I'd been running around the world. In 1987, back in LA, she contacted my attorney for my phone number. I rang her back. We were both single by then. I suggested dinner.

The couple live in Las Vegas with their 10-year-old son, Beau. And this one's going to last, says Cassidy.

His private life in good working order, Cassidy determined to put his career back on track. Last November, three decades after it all began, he released a new album, Then and Now, his first for 17 years. It has sold more than 300,000 in the UK alone. His current happiness is palpable.

IN middle age, Cassidy turns out to be eerily like his teenybopper counterpart. He's still as thin as a whippet. The cheeky smile still crinkles the corners of his mouth on a face suspiciously free of lines. A little plastic surgery, perhaps?

"No, no facelift," he says. "I don't smoke. I hardly drink. And I take regular exercise."
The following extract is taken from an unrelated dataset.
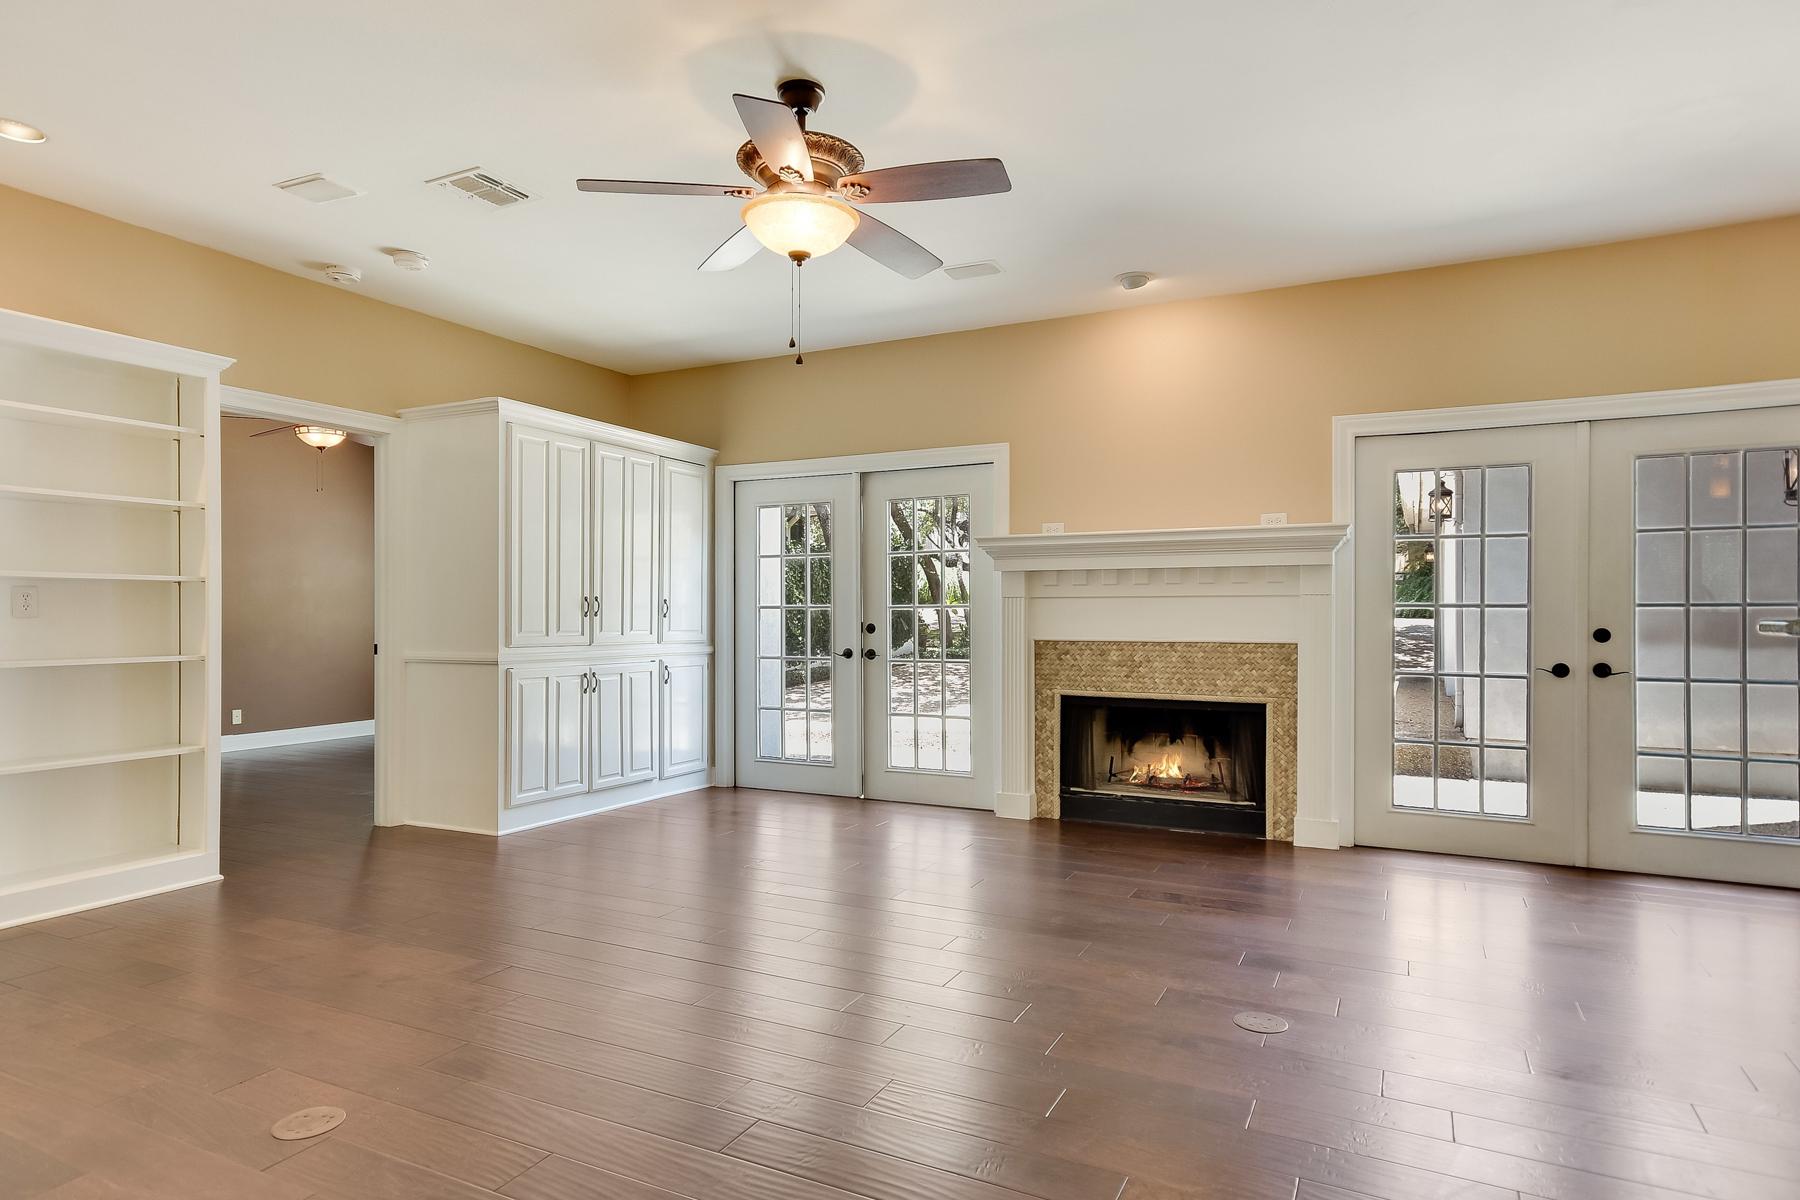 Additional photo for property listing at Stunning Gem in Dominion Cottage Estates 36 Stratton Ln San Antonio, Texas 78257 Estados Unidos

He's also free of emotional baggage.

Vast amounts of money were said to have been siphoned off by so- called advisers. "I was left with $15,000," he says, without rancour, "and yet I'd made millions." But that was then. "I'm so much more comfortable with it all now. This time, I feel I'm driving the bus."

Looking back, he has mixed feelings about his rollercoaster life. "I'm proud of what I achieved. But fame isn't good for the young. How could a 19-year-old know how to cope with the level of fame that happened to me? I was lucky enough to talk a lot to John Lennon about this. When you get so famous you can't send out your laundry for fear it'll be stolen as souvenirs, you realise superstardom is a double- edged sword. John understood that."

Does he have any regrets? "I just thank God every day that I've been dealt this kind of a hand and that I've been able to play it right. I survived superstardom. Then I came back and did it my way. You're looking at a very contented guy."